“Be scrappy” is great advice for most founders, but for first-generation and minority founders, it’s often the wrong advice — and one of the most challenging things I had to unlearn when I built my first company.
Of the many lessons that come with entrepreneurship, learning how to spend as a first-time founder was brutal. Being scrappy and resourceful helped me gain initial traction on our product, but it took precious time and energy that could have been directed toward growing the business. And, it was too late by the time I’d realized it: I was underresourced, overexerted, and burnt out. Rather than helping me succeed, being too frugal made me miss many opportunities for our company’s success.
First, when it’s okay to be scrappy
It’s wise to be scrappy when you’re still experimenting with startup ideas, figuring out your target audience, or iterating on a prototype. And, it’s generally also wise to avoid burning money on ads, premature tech buildouts, scaling too early, etc.
But here’s when it goes wrong
Being too frugal can be a good strategy in the early days of a startup, but it can quickly become a bottleneck, too.
As a daughter of immigrants, saving and working hard had been hard-wired into my DNA from a young age, and it became a core part of how I built Presently. For example, I found loopholes and discounts to spend less on software, built the MVP myself to save money on contractors, and took consulting gigs to cover life expenses while I bootstrapped the business – all the things that hustle culture glorifies.
For a while, it was great! I got the product out to market quickly, and it got us our initial traction, too, but… any money saved was negated by precious time and energy directed away from growing the business.
And the even bigger issue was that nothing would really change after I raised money from investors. You’d think that fundraising would open up a whole new world of opportunity to grow fast and throw fuel at the fire; after all, fundraising meant I could hire our first few employees! But, my scarcity mindset remained (perhaps intensified with other people’s money in my bank account). The advice to “be scrappy” I’d received my whole life lived rent-free in the back of my mind, holding me back when I’d be close to pulling the trigger on spending on the things that could lead to our success as a company.
These invisible shackles held me back from taking risks, focusing my energy, and “doing things that don’t scale” to grow the company, as I made every financial decision around my ingrained cultural norms of frugality.
And it’s a really easy formula for burnout. After all, building a startup is a marathon, not a sprint, and I was already losing steam at mile 10.
I realized it wasn’t just me
Many other female and minority founders had issues with raising and spending alike.
In fact, there were two significant issues with my fundraise that were quite typical of minority founders. First, I had waited too long to raise external capital and had raised only after bootstrapping for over a year. Second, I didn’t raise enough — perhaps in part due to the hardship of fundraising as a woman and minority, perhaps even more so due to limiting beliefs around not being able to raise $1M.
The result? I was underresourced and overexerted for much longer than my counterparts and was terribly inefficient with my energy. I hired slower, didn’t take a salary (so continued taking consulting gigs on the side), and did too much on my own without asking for help.
When work and life problems blur
My frugality wasn’t just an issue at work: I was also scrappy with my physical/mental health. As the adage goes, I wasn’t putting on my mask first — taking care of myself to better take care of others.
As a founder, you are your company’s most important resource. You must be equally willing to spend on yourself as you are on your team and company. An abundance mindset is necessary for the long game, and as a company evolves, its founder must evolve with it.
The mindset that takes a company from 0 to 1 isn’t the same one that will lead it from 10 to 100, and though shifting from a scarcity mindset to an abundance mindset isn’t easy when all you’ve known is frugality, it’s game-changing!

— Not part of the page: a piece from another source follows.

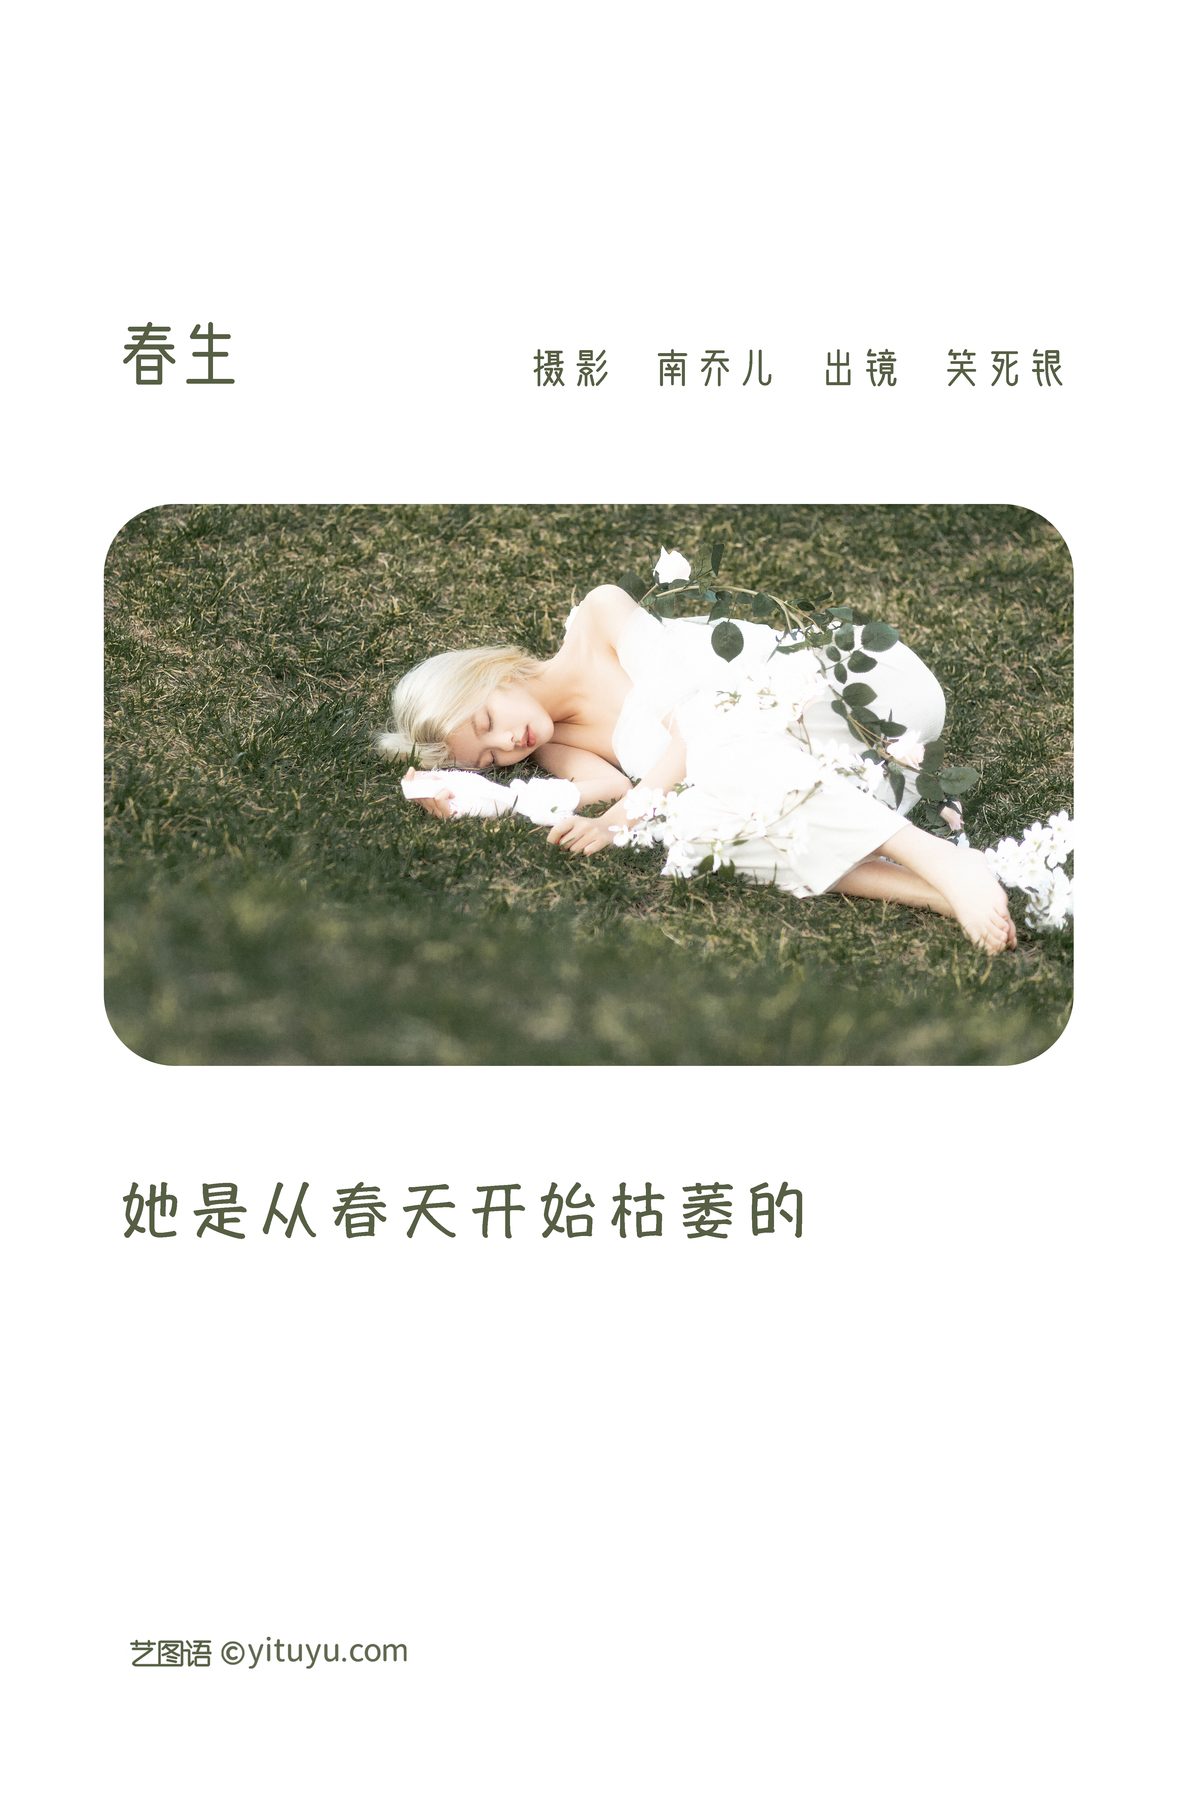 YiTuYu艺图语 Vol 3173 Xiao Si Yin 0001 3884936162.jpg

In hindsight, here is what I wish someone had told me before I started my first company:
99% of startup advice was built for an outdated founder persona and can be damaging for the new wave of diverse foundersBeing scrappy is a strategy — and just one of many. It’s essential to know when its time to change itLearn how to ask for money and how to spend itScrappy doesn’t have to lead to burnout
Perhaps it’s time we rethink the “Scrappy Founder” advice and recognize the high cost minority founders (and as a result, their investors and the market!) face by being too frugal.
And so, for whoever needs to hear this, consider this your permission to spend the money! Not every bet will work out, but startups are about managing risks. Remember that it’s okay to spend on things that will help you focus, save time and energy, or help you work faster and smarter.
After all, it takes a village to raise a startup, and you certainly shouldn’t try to do it alone.